Dopo aver acceso ed alimentato la fiamma della volontà, è ora di tentare di prendere coscienza nei sogni. Nei primi anni ottanta, uno dei pionieri dello studio dei sogni lucidi come Paul Tholey, psicologo tedesco, elencò le caratteristiche che definiscono il prendere coscienza di un sogno lucido: potersi orientare, poter prendere decisioni, utilizzo della memoria, ricordarsi di sé, coscienza del circostante, coscienza dei significati, utilizzo della volontà.

Uno dei metodi più classici è il "test della realtà": ovvero l'abituarsi a chiedersi più volte possibile se quella che stiamo vivendo sia veramente la realtà, facendo piccoli test come aprire un libro e leggere due righe, controllare l'ora, guardarsi le mani, pizzicarsi il naso, controllare se si respira.

Se si prende questa abitudine durante la veglia, sarà facile riprodurla nei sogni, con ottimi risultati. Un'altra cosa fondamentale è imprimere una costante volontà di voler arrivare all'obiettivo di avere sogni lucidi, ciò che nelle scienze occulte è definita una «formazione». Ogni sera, prima di addormentarsi, tutta la coscienza dovrà focalizzarsi su tale obiettivo e, col tempo, la perseveranza verrà premiata come la goccia che scava la roccia.
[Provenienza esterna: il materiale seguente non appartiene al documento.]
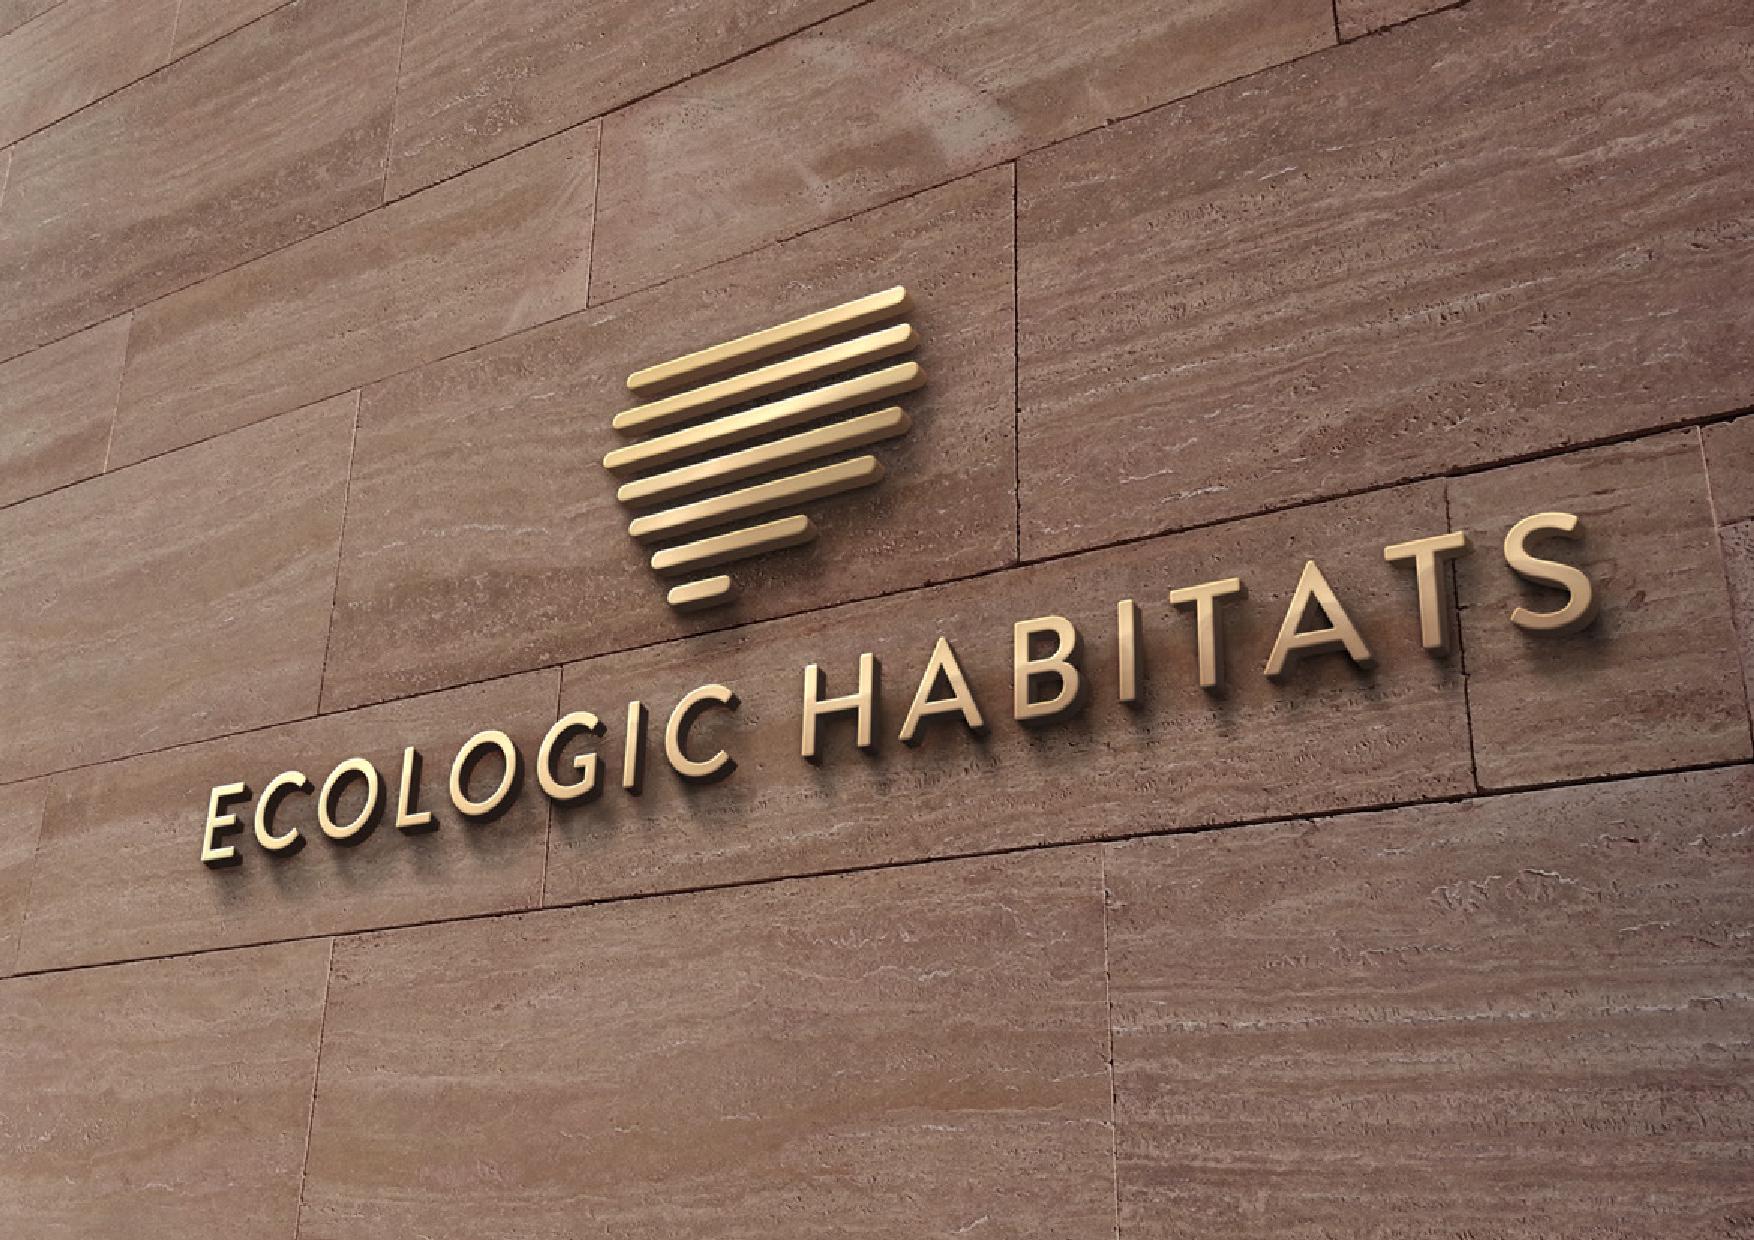 ecologic-habitats-logo-01

Disegnare e imparare a riconoscere i simboli ricorrenti, la propria araldica personale, ci aiuterà a prendere confidenza con i sogni. La fase REM può inoltre essere potenziata e per svilupparla è importante: dormire a orari regolari, farlo lontano dai pasti, concentrare il sonno in un'unica volta evitando sieste e pennichelle.

 

Riflessioni sul sogno lucido

Il sonno e il sogno sono parte integrante della vita di una persona, precisamente un terzo di essa. Essere consapevoli di questo terzo della nostra vita, dove si concentrano molte potenzialità, molte verità scomode, molte chiavi psicologiche, significa vivere una vita integrale, completa, senza interruzioni e iati.
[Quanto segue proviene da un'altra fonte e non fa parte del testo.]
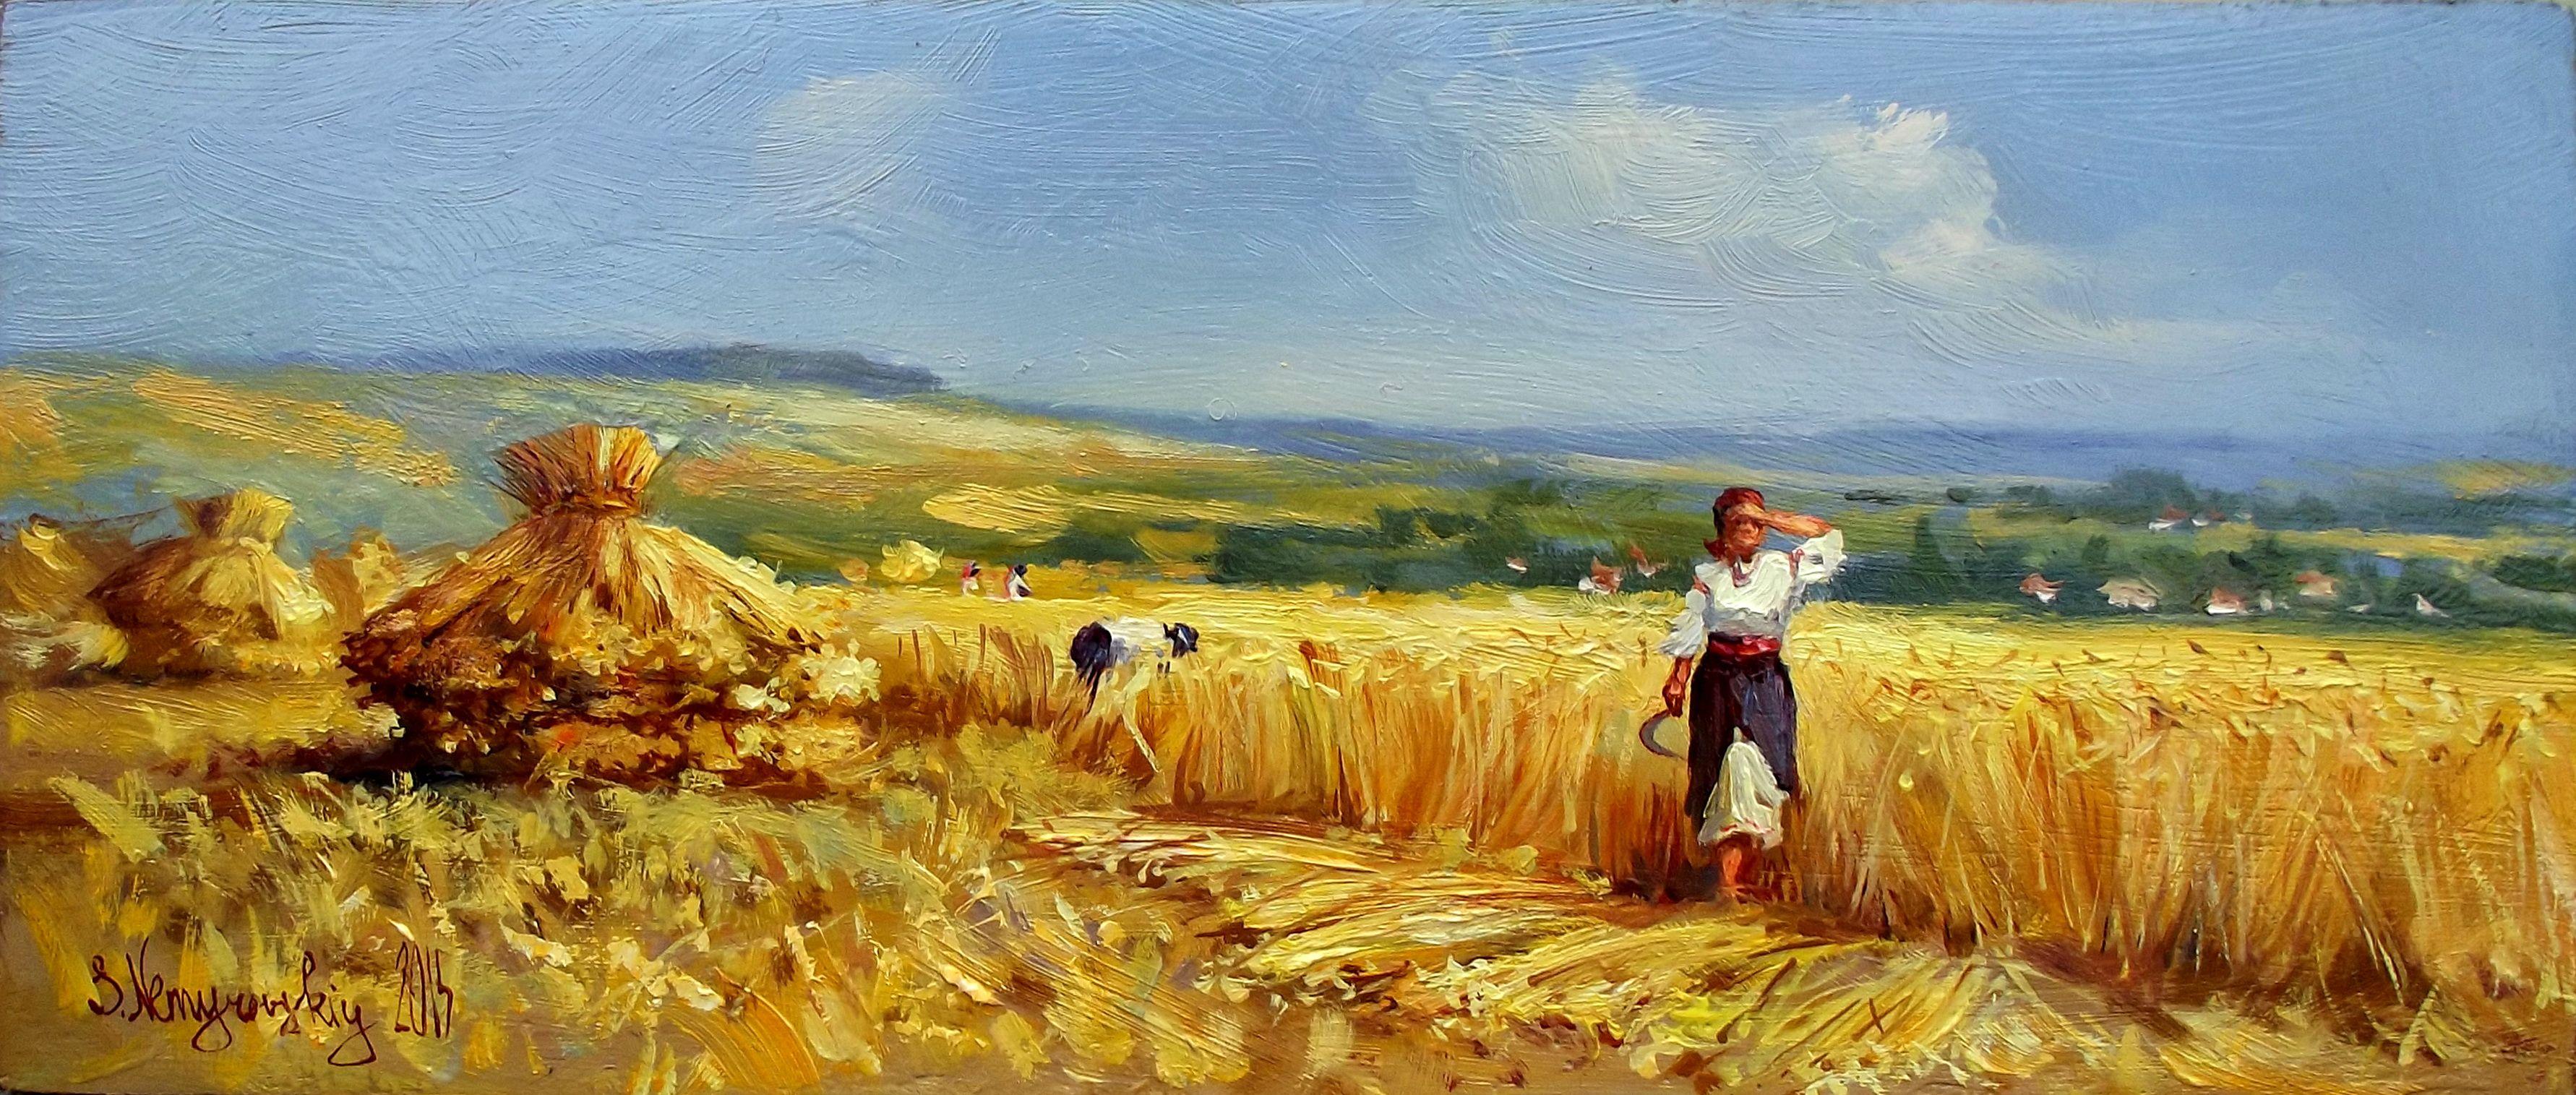 Картинке сборе урожая хлеба

Tuttavia, bisogna fare attenzione e capire la profondità del fenomeno, che se approcciato superficialmente, porterà solo scarse soddisfazioni: è importante non fare gerarchie tra stati di coscienza e non voler imporre la coscienza di veglia alla coscienza onirica, poiché ha anch'essa bisogno di libera espressione.

Lo scopo di queste pratiche non dev'essere quello di portare nei sogni l'io di superficie ma di ampliarlo accettando in sé la coscienza onirica: come risultato avremo un inaspettato allargamento della consueta coscienza perché nella misura in cui entreremo consapevolmente nella coscienza dei sogni, questa comincerà a penetrare nella coscienza di veglia, estendendosi nella realtà oggettiva coi suoi poteri intuitivi e di percezione sottile.

L'obiettivo finale di questa integrazione quindi sarà il maturare una condizione sintetica capace di navigare senza interruzioni tra tutti gli stati di coscienza: veglia, sonno, sogno, e anche stati ulteriori, così come un anfibio vive a suo agio dentro e fuori dall'acqua.